Implementation:Bitsandbytes foundation Bitsandbytes Backend Quantization Tables
| Knowledge Sources | |
|---|---|
| Domains | Quantization, Backend_Infrastructure |
| Last Updated | 2026-02-07 13:31 GMT |
Overview
Shared backend utilities providing NF4 and FP4 quantization lookup tables, Triton availability detection, and Gaudi software version detection used by CPU and XPU backends.
Description
This module provides infrastructure shared across non-CUDA backends. The NF4 quantization table contains 16 float values derived from normal distribution quantiles (as described in the QLoRA paper), mapping 4-bit indices to their dequantized float values. The FP4 quantization table contains 16 float values representing the FP4 data type mapping. These tables are placed on XPU if available, otherwise CPU. The module also provides get_gaudi_sw_version() for detecting Habana Gaudi software versions and a triton_available flag.
Usage
These tables are used by the CPU and XPU backends for 4-bit dequantization lookup. The CODE dictionary provides a unified interface for selecting the quantization table by name ("nf4" or "fp4").
Code Reference
Source Location
- Repository: bitsandbytes
- File: bitsandbytes/backends/utils.py
- Lines: 1-84
Signature
_NF4_QUANT_TABLE = torch.tensor([
-1.0, -0.6962, -0.5251, -0.3949, -0.2844, -0.1848,
-0.0911, 0.0, 0.0796, 0.1609, 0.2461, 0.3379,
0.4407, 0.5626, 0.7230, 1.0,
], dtype=torch.float32)
_FP4_QUANT_TABLE = torch.tensor([...], dtype=torch.float32)
CODE = {"nf4": _NF4_QUANT_TABLE, "fp4": _FP4_QUANT_TABLE}
def get_gaudi_sw_version() -> Optional[version.Version]:
"""Returns installed Gaudi SW version or None."""

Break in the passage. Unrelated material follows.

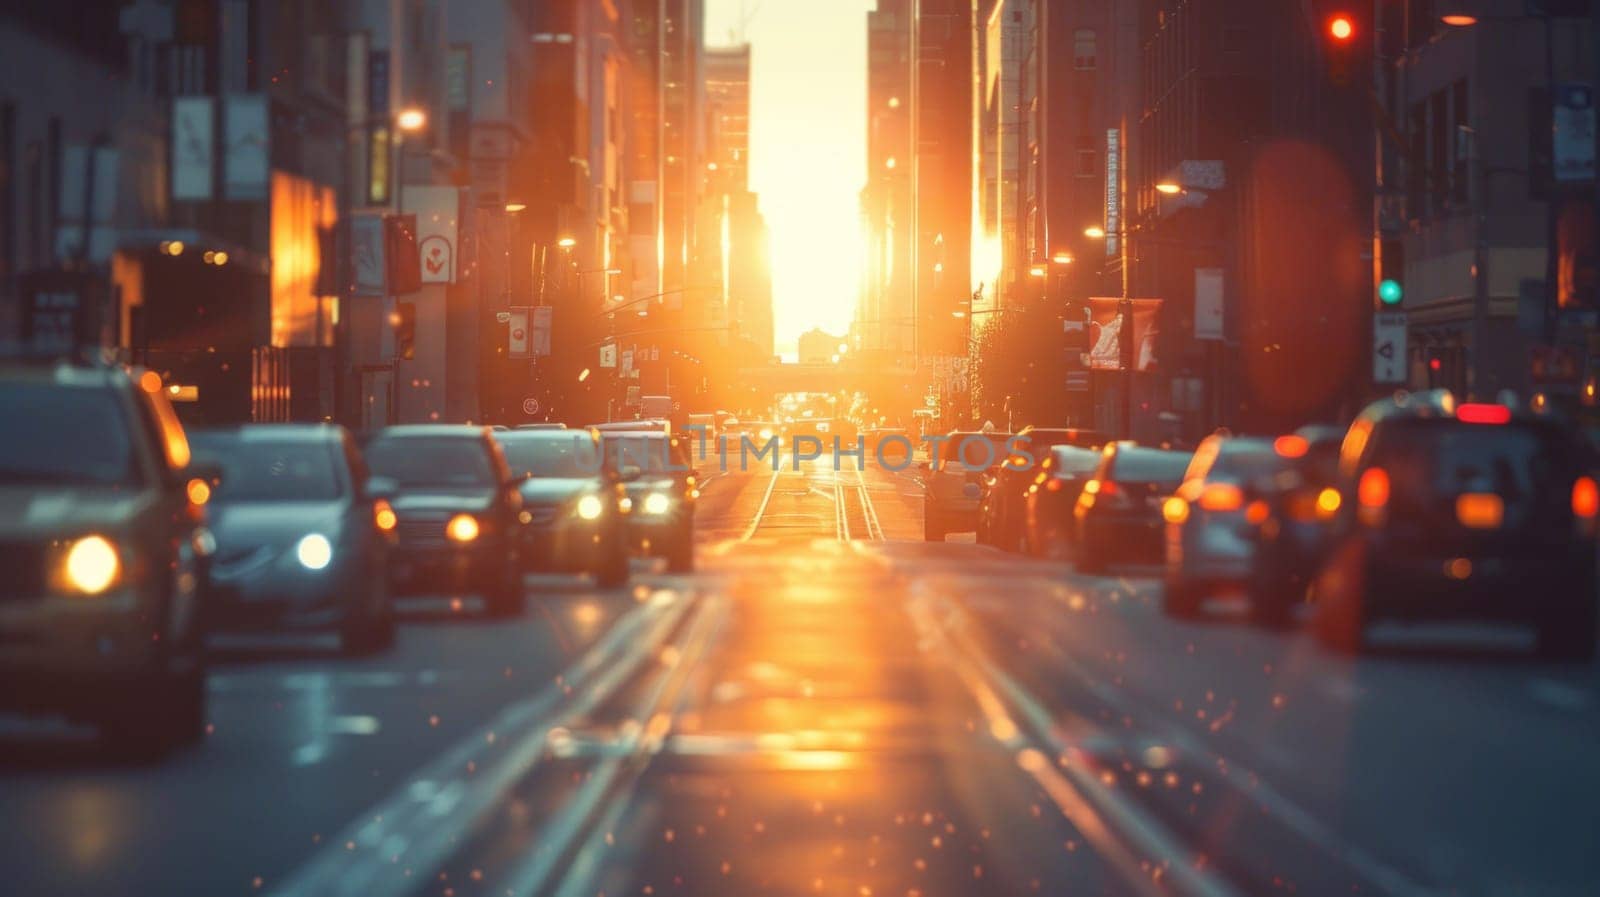 A busy city street with cars and a bright orange sun in the background.

GAUDI_SW_VER = get_gaudi_sw_version()
Import
from bitsandbytes.backends.utils import CODE, GAUDI_SW_VER, triton_available
I/O Contract
Inputs
| Name | Type | Required | Description |
|---|---|---|---|
| quant_type | str | Yes | Key into CODE dict: "nf4" or "fp4" |
Outputs
| Name | Type | Description |
|---|---|---|
| CODE[quant_type] | torch.Tensor | 16-element float32 lookup table mapping 4-bit codes to float values |
| GAUDI_SW_VER | Optional[Version] | Installed Habana Gaudi SW version or None |
| triton_available | bool | Whether Triton is importable |
Usage Examples
Using Quantization Tables
from bitsandbytes.backends.utils import CODE
# Get the NF4 lookup table
nf4_table = CODE["nf4"]
# Dequantize a 4-bit code: index 15 -> 1.0, index 0 -> -1.0
dequantized_val = nf4_table[15] # 1.0